Валерий Мигицко - Военные приключения. Выпуск 6
Обзор книги Валерий Мигицко - Военные приключения. Выпуск 6
Все произведения рассчитаны на широкую аудиторию любого возраста.
Военные приключения. Выпуск 6
ЧЕСТЬ, ОТВАГА, МУЖЕСТВО
Валерий Мигицко
НЕПРИЯТНОСТИ НАЧИНАЮТСЯ В ПОЛДЕНЬ
Повесть
Часть первая
…А потом ничего не было. Ни видений, ни звуков, наполняющих мир вокруг. Ничего! Как будто попал в темный и безмолвный тоннель, ведущий в никуда, и дверь за тобой захлопнулась. Ты делаешь шаг, другой, тебе все равно, куда идти, потому что ни одно направление здесь не имеет смысла, и какой-то меркнущий свет и затихающие звуки, которые поначалу сопровождают тебя это только иллюзия света и звуков, проваливаешься куда-то и летишь, летишь в бесконечном слепом полете…

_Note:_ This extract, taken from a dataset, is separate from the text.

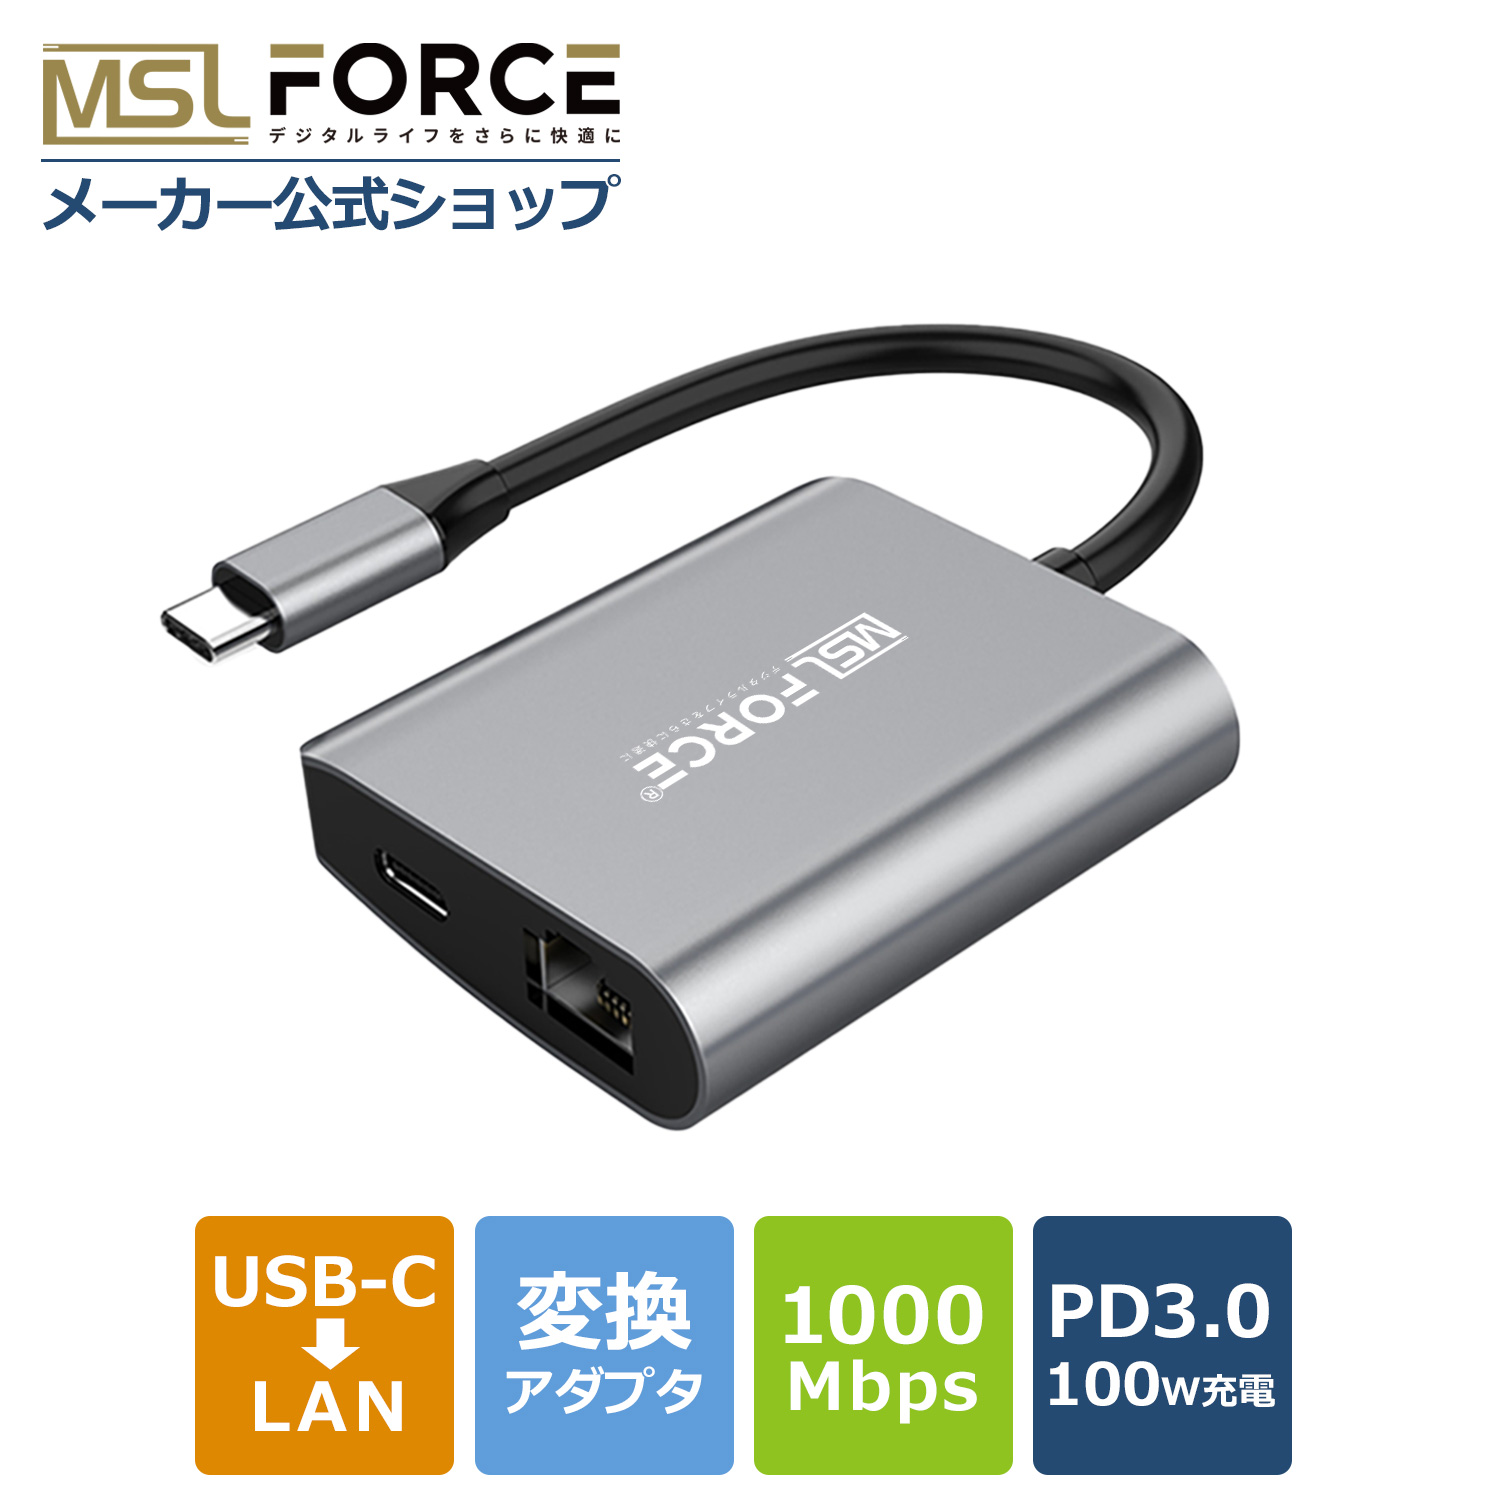 USBハブ付き48+5メディア対応カードリーダ - MR-C24BK

Просыпаюсь от ощущения полного и безмятежного счастья. Я молод, симпатичен, не связан никакими обязательствами, никуда не спешу и жду от возможных встреч только хорошего. Осознав все это, я вскидываю руку, чтобы посмотреть на часы, и обнаруживаю, что они стоят. Это наводит меня на мысль откинуть полог и выйти из палатки.
Час рассвета давно миновал. Солнце находится где-то на полпути к зениту. Теплый свет его окрашивает в лирические полутона место действия, в центре которого мой лагерь: красная «Нива» и палатка под цвет авто. По обе стороны от лагеря тянется пляж, окаймленный голубовато-белесой водой. Здравый смысл призывал заночевать в каком-нибудь кемпинге, где народу в эту пору не густо, но я, черт побери, в отпуске, и мне нравится самому решать, что делать. Решения эти, как правило, неординарны. Наверное, потому, что остальные одиннадцать месяцев в году за меня решает кто-то другой.

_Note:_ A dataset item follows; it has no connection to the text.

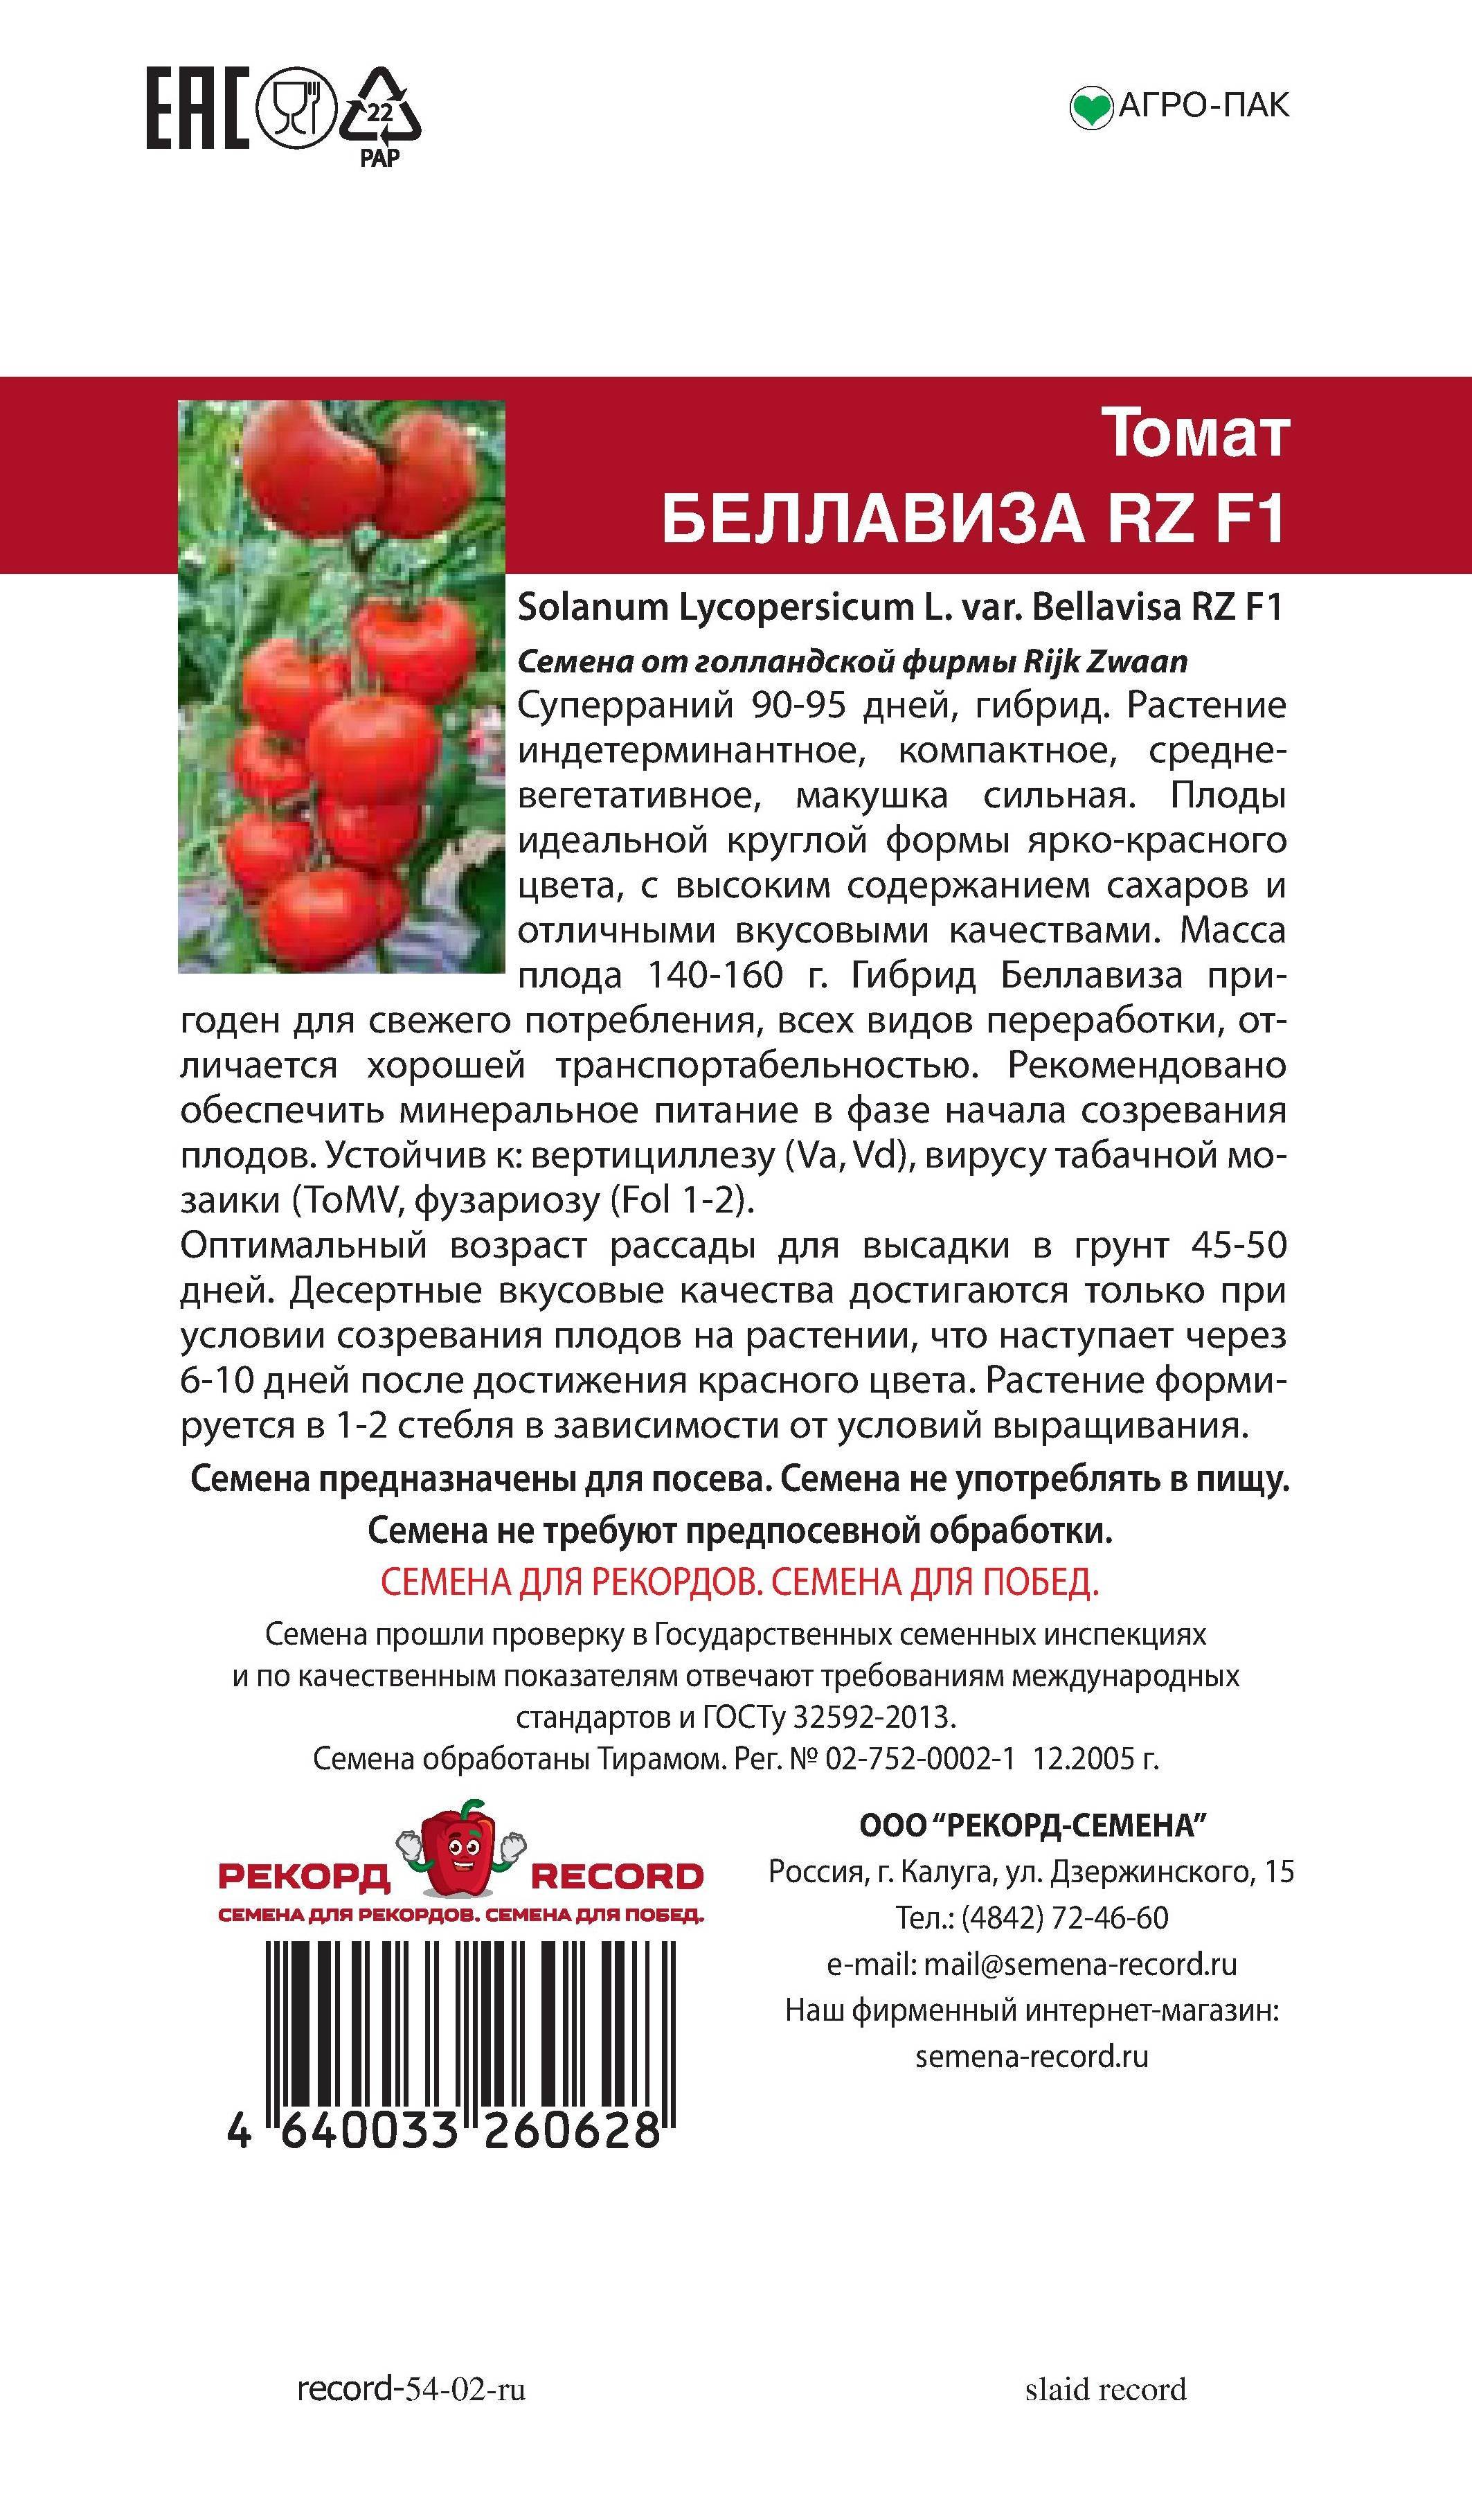 Томат казанова: описание сорта помидоров оригинальной формы, выращивание и отзывы

Продолжаю знакомиться с пейзажем, который в радиусе возможного контакта приятно разнообразит отсутствие людей. С галерки с холодным безразличием взирают на окружающие красоты горы. Впереди, на авансцене, замерли в искусно выписанных декорациях моря несколько лодок. С этими лодками связана какая-то тайна, ибо расположились они довольно далеко от берега и и них никого нет. Мыс с указующим перстом маяка неспешно огибает чернобокий танкер под заморским флагом.
Забота о приличествующем случаю костюме заставляет меня наведаться в палатку и оставить там джинсы и свитер. Появляюсь в одних плавках и оглядываю себя как бы со стороны. Грудь развернута, мускул играет, в облике чувствуется сила, взор решителен и смел. С такими данными не затеряешься не только здесь, на пустынном кавказском берегу, но и в разбухшей от приезжих бархатносезонной Ялте. Вот только подзагореть бы малость… Воображаю в десятке метров от своего местонахождения некую соблазнительную блондинку и под ее воображаемым восхищенным взглядом медленно вхожу в воду.
Вода тепла и почти невидима; на близком дне рельефно выделяется каждый камешек. Погружаюсь по грудь и выдаю метров тридцать энергичного спринта «кролем», убеждая себя и блондинку в том, что и «мы не лыком шиты». Финишировав, переворачиваюсь на спину и застываю в блаженном состоянии ленивого покоя.
Возвращаюсь на берег и обнаруживаю, что блондинка исчезла. Жаль, позавтракали бы вместе. Подхожу к «Ниве», открываю багажник и приступаю к ревизии своих припасов. Осмотр отнимает немного времени, ибо последние представлены булкой, купленной сутки назад в Ростове, и термосом с кофе, сваренным вчера вечером в Сухуми. Будка черствая, кофе совсем остыл, но первый же опыт с ними оказывается весьма успешным и вызывает желание продолжить эксперимент.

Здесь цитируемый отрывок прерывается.